◆ What this task involves
Drop the pictures and repeat the remaining data exactly.

◆ Raw data
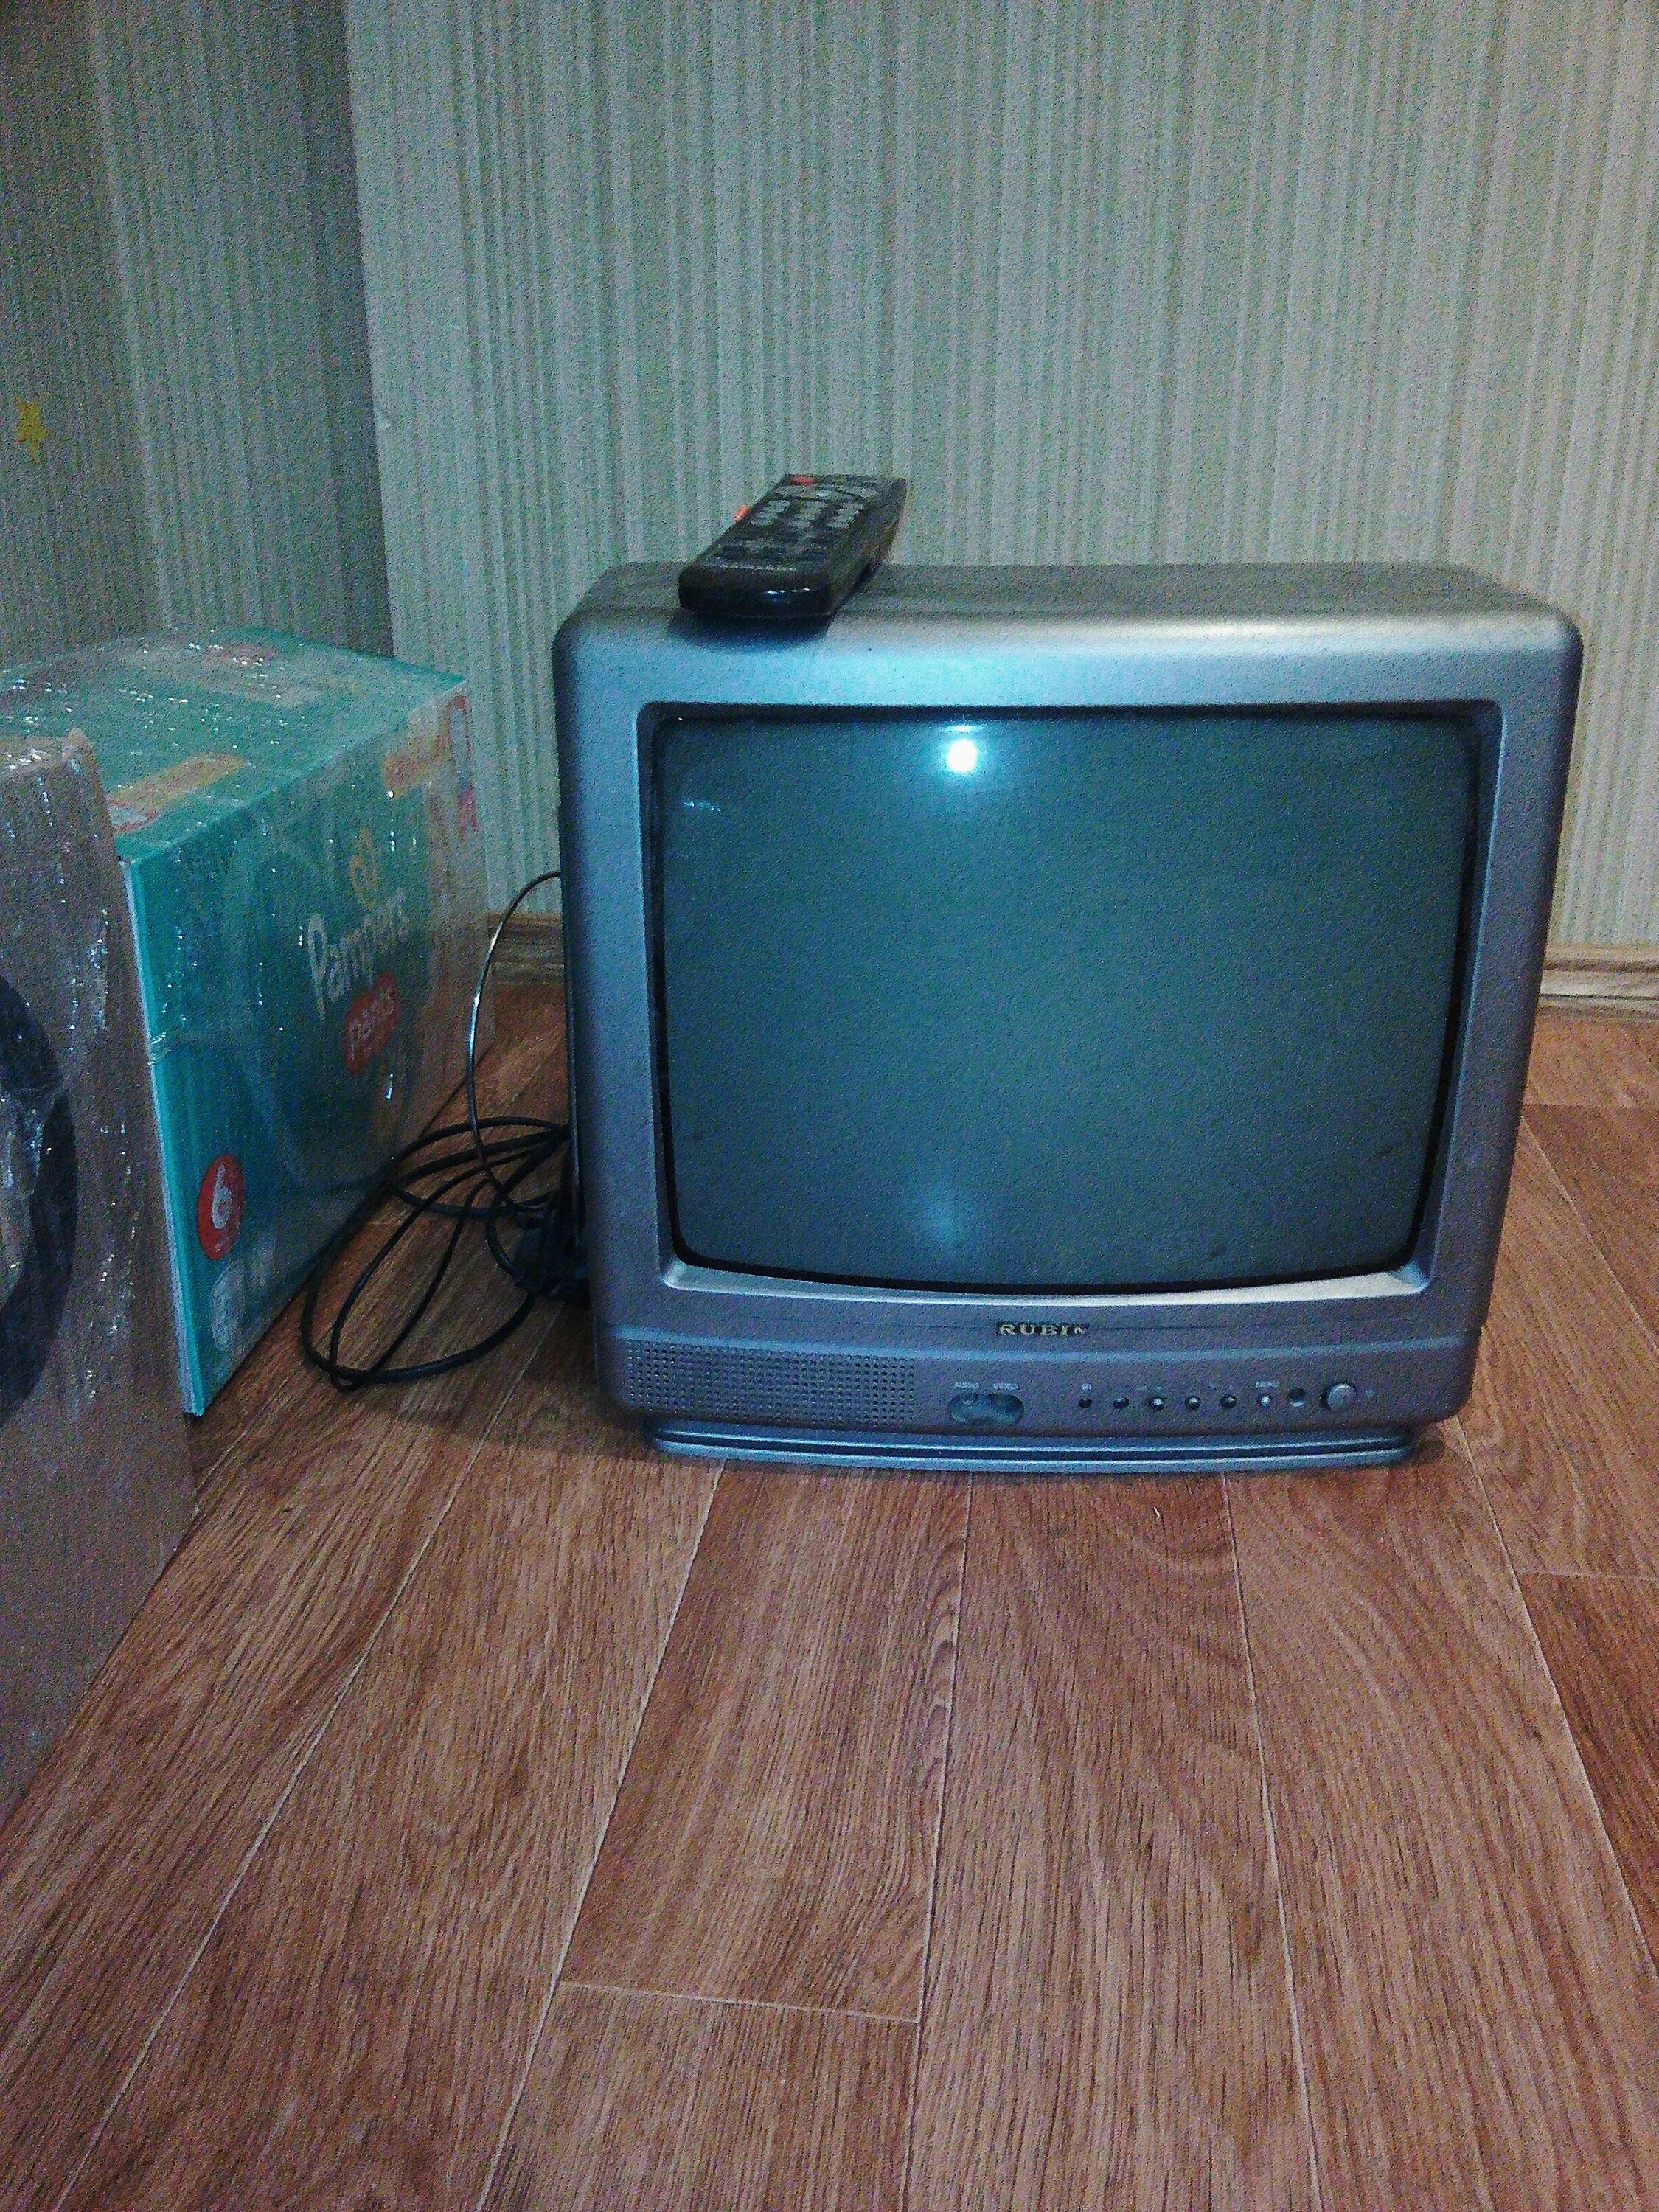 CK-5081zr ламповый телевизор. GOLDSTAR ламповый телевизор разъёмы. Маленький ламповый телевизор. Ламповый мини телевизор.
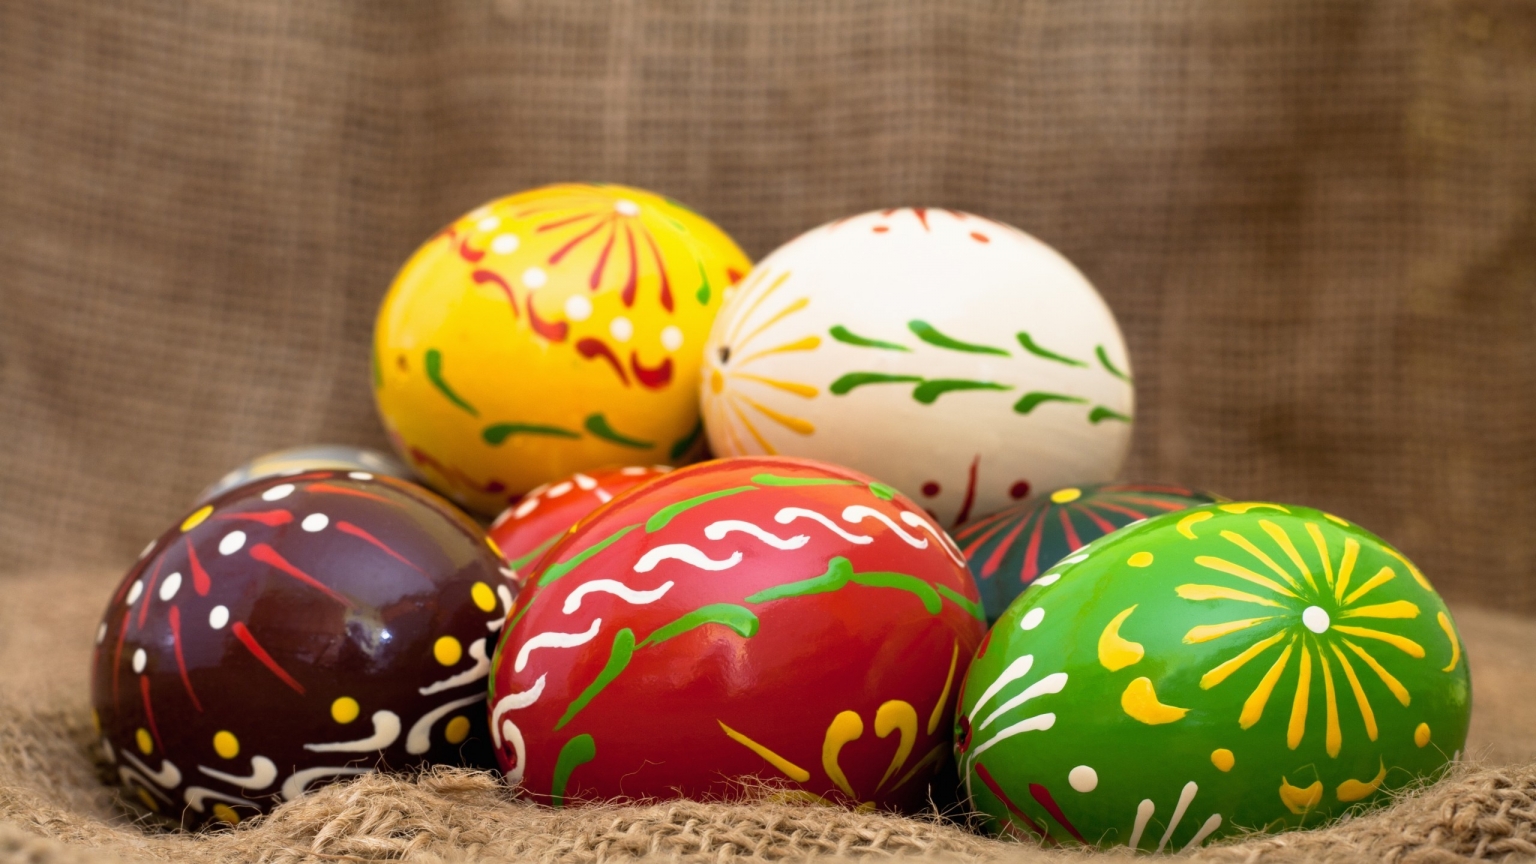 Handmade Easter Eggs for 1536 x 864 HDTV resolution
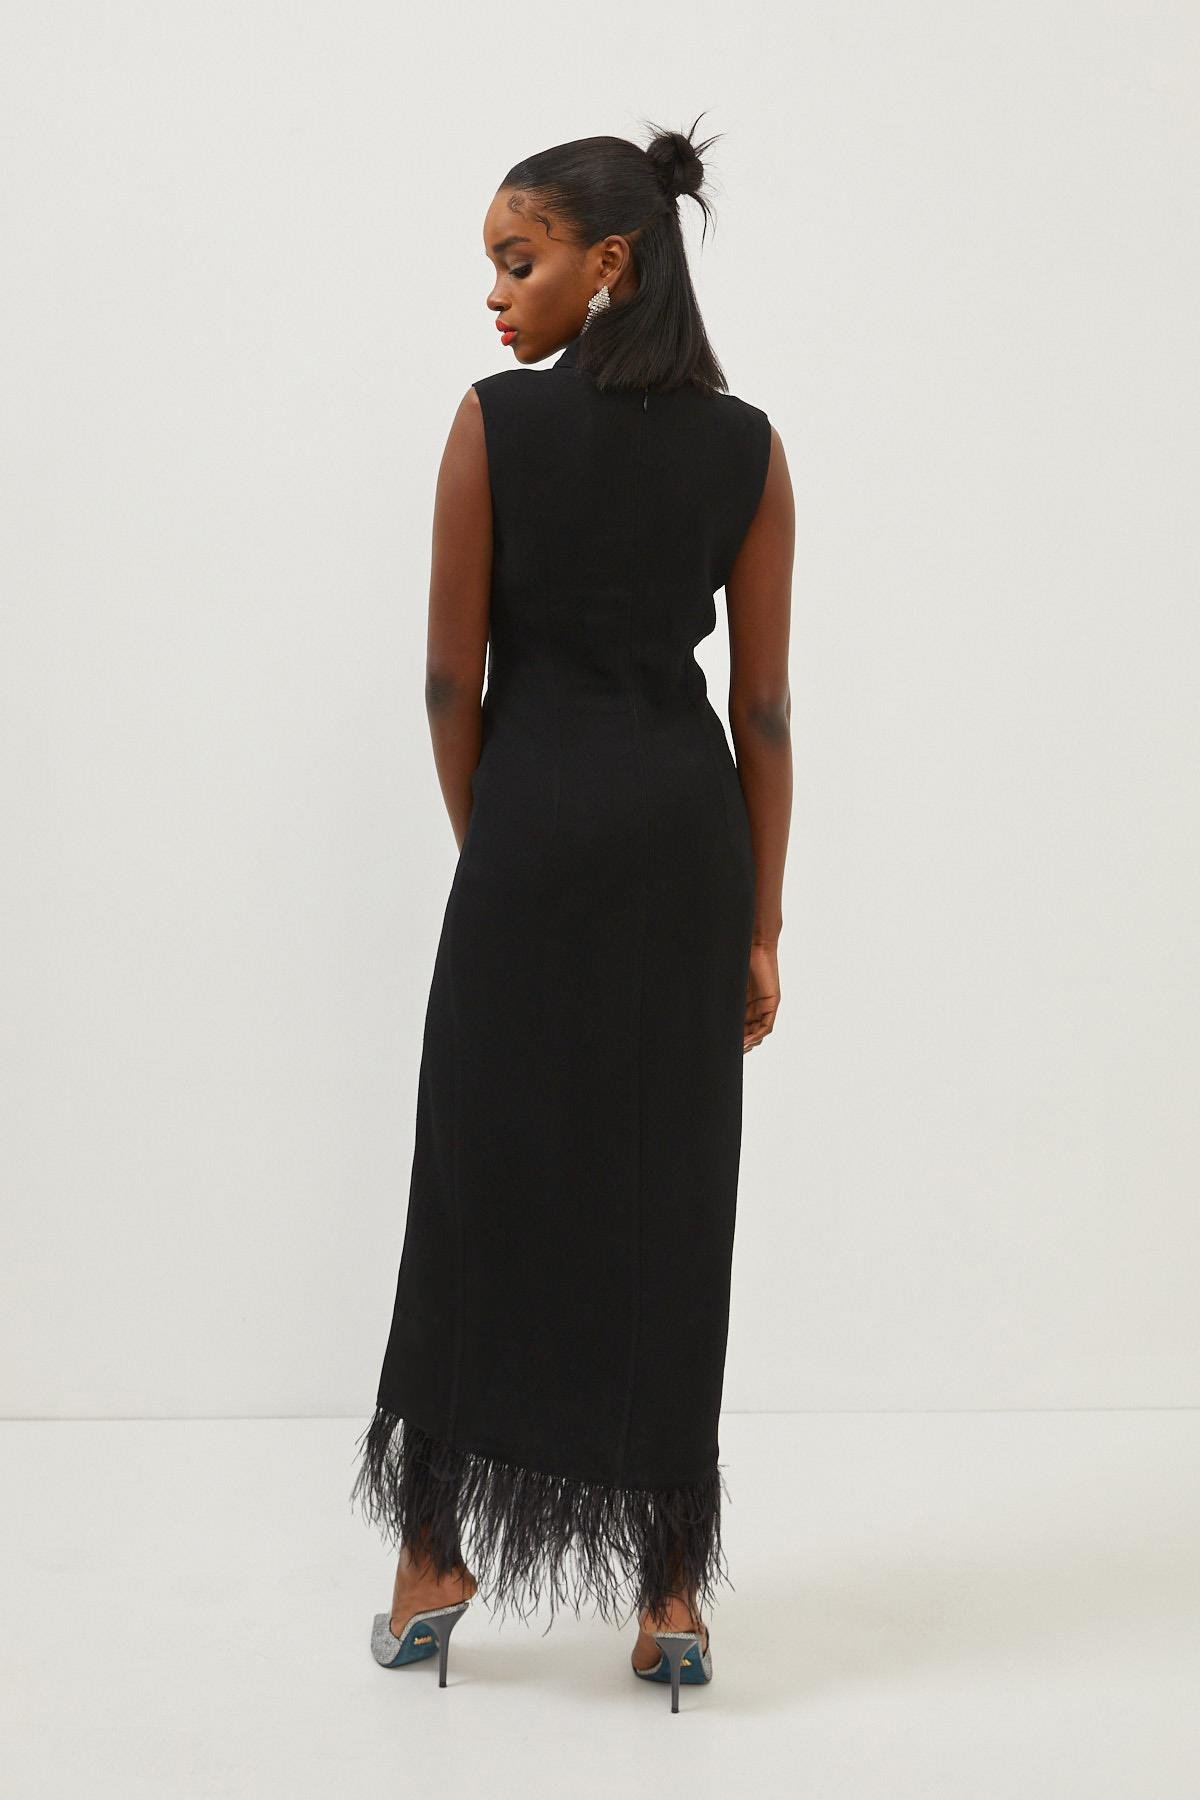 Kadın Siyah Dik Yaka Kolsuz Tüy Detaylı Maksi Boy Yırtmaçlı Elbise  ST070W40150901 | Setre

◆ Reply to the exercise
 CK-5081zr ламповый телевизор. GOLDSTAR ламповый телевизор разъёмы. Маленький ламповый телевизор. Ламповый мини телевизор.
 Handmade Easter Eggs for 1536 x 864 HDTV resolution
 Kadın Siyah Dik Yaka Kolsuz Tüy Detaylı Maksi Boy Yırtmaçlı Elbise  ST070W40150901 | Setre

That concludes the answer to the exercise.